The involvement of TNCs in water delivery worldwide has increased dramatically over the last decade. In contrast to other industry sectors such as oil or biotechnology, this expansion is not reflected in the emergence of a powerful international lobby group representing major water corporations. The most ambitious attempt to create such an international grouping to channel and boost industry’s influence is the International Private Water Association (IPWA). Established in 1999 with enormous ambitions, IPWA’s current crisis to a large extent reflects the backlash against water privatisation.

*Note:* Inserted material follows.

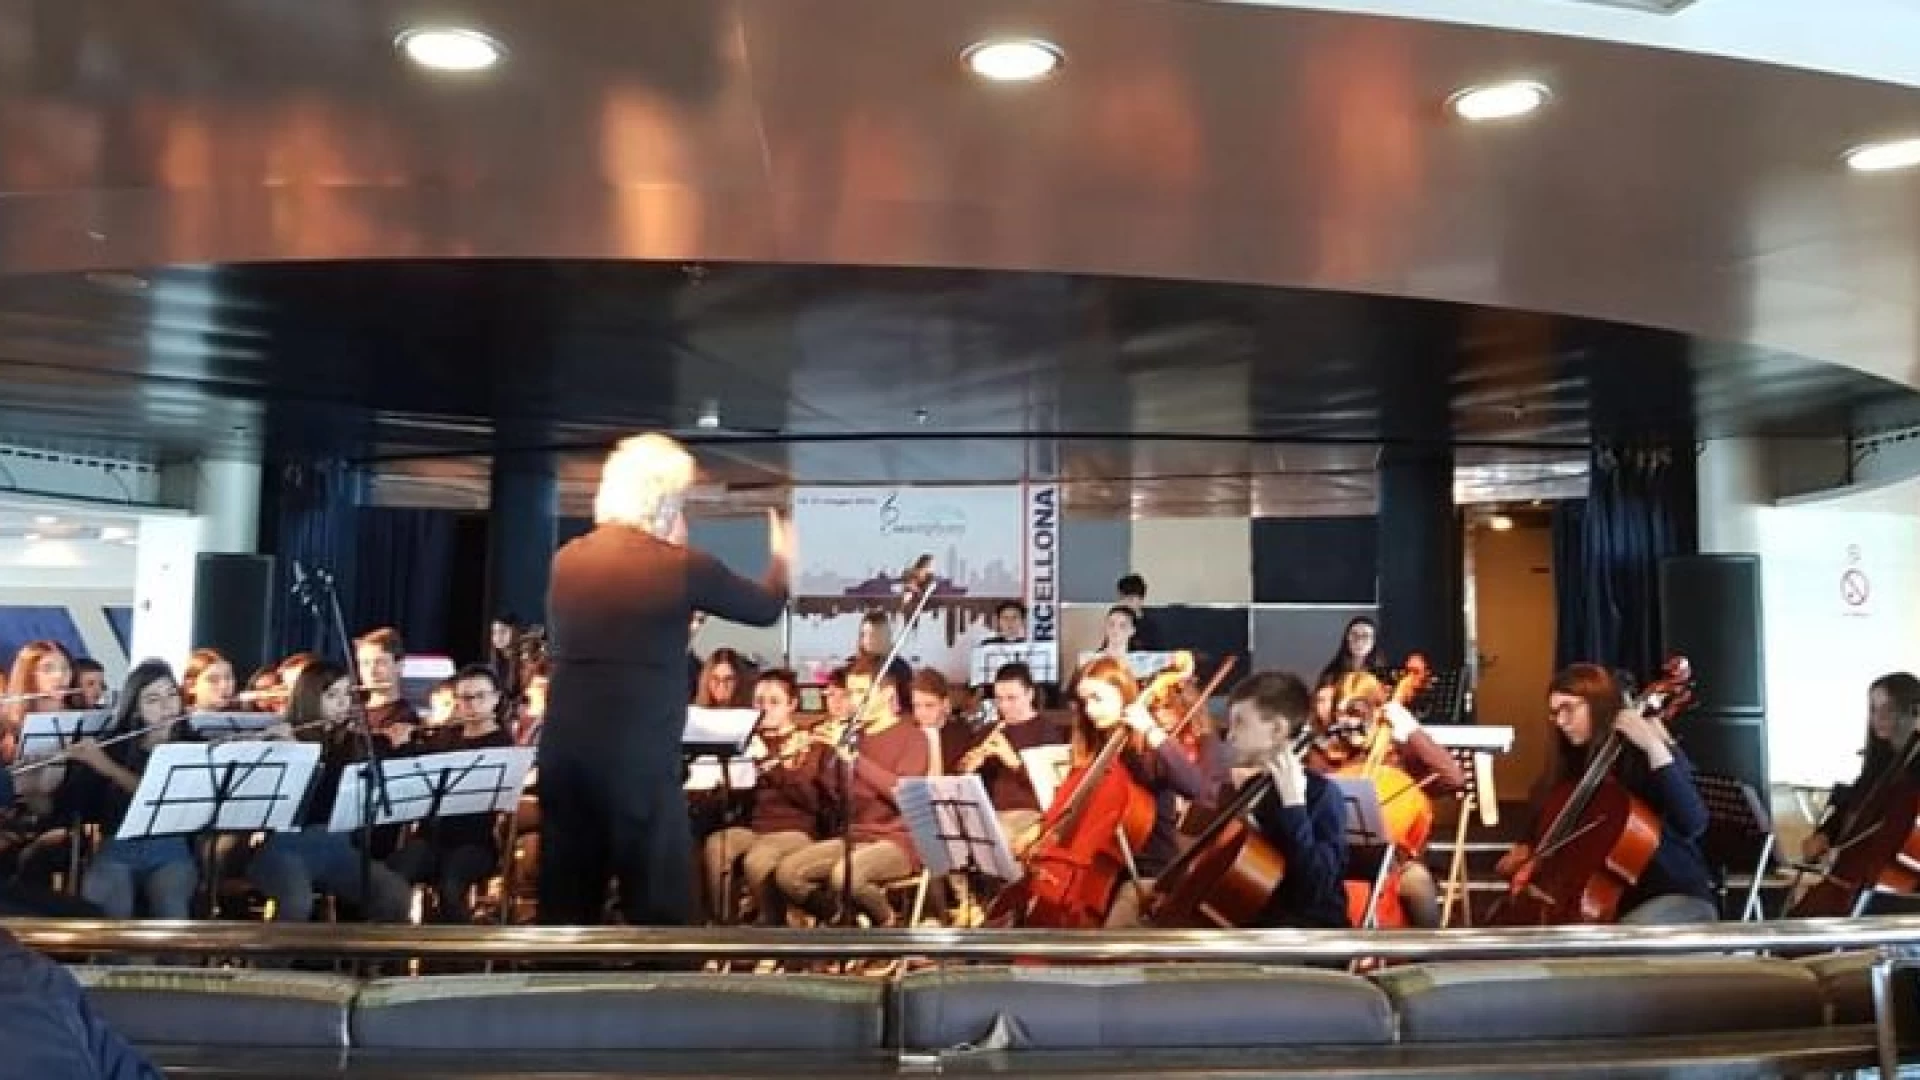 Il 19 maggio concerto e presentazione dell” Orchestra scolastica regionale del Molise”. Appuntamento da non perdere presso l’aula magna dell’Unimol.

The International Private Water Association (IPWA) was established in 1999 by Philip Dyk,[1] with the help of the association management company Marketshare Inc.[2] At that time the sweeping current of water privatisation was fairly undisturbed and it seemed like happy days for the water industry would never end. The new grouping was therefore launched with much fanfare and with a bold water privatisation message. Although based in the US, IPWA envisaged a global structure with regional working groups covering all continents.[3] The group’s mission was “to promote opportunities for private sector participation in water utilities worldwide.”[4]

IPWA devoted itself to the privatisation drive with its regional working groups pushing for new expansion opportunities for private water corporations by “promoting privatisation concepts with local, regional and federal authorities.”[5] The working group for Asia, announced that “it will help to determine the scope of regulatory reforms generally required in target markets to allow water projects to proceed with private investment.”[6] IPWA not only lobbied to pass laws which facilitate or forced water privatisation, but it also worked to consolidate the pro-privatisation bias of international financial institutions (IFI’s), making use of its close ties to IFI officials.[7] These institutions have played a crucial role in boosting the private involvement in water services over the last decade. Despite mounting evidence that privatisation is far from a panacea, the World Bank and other IFIs continue to force poor countries to privatise their water services as a condition to get loans.[8]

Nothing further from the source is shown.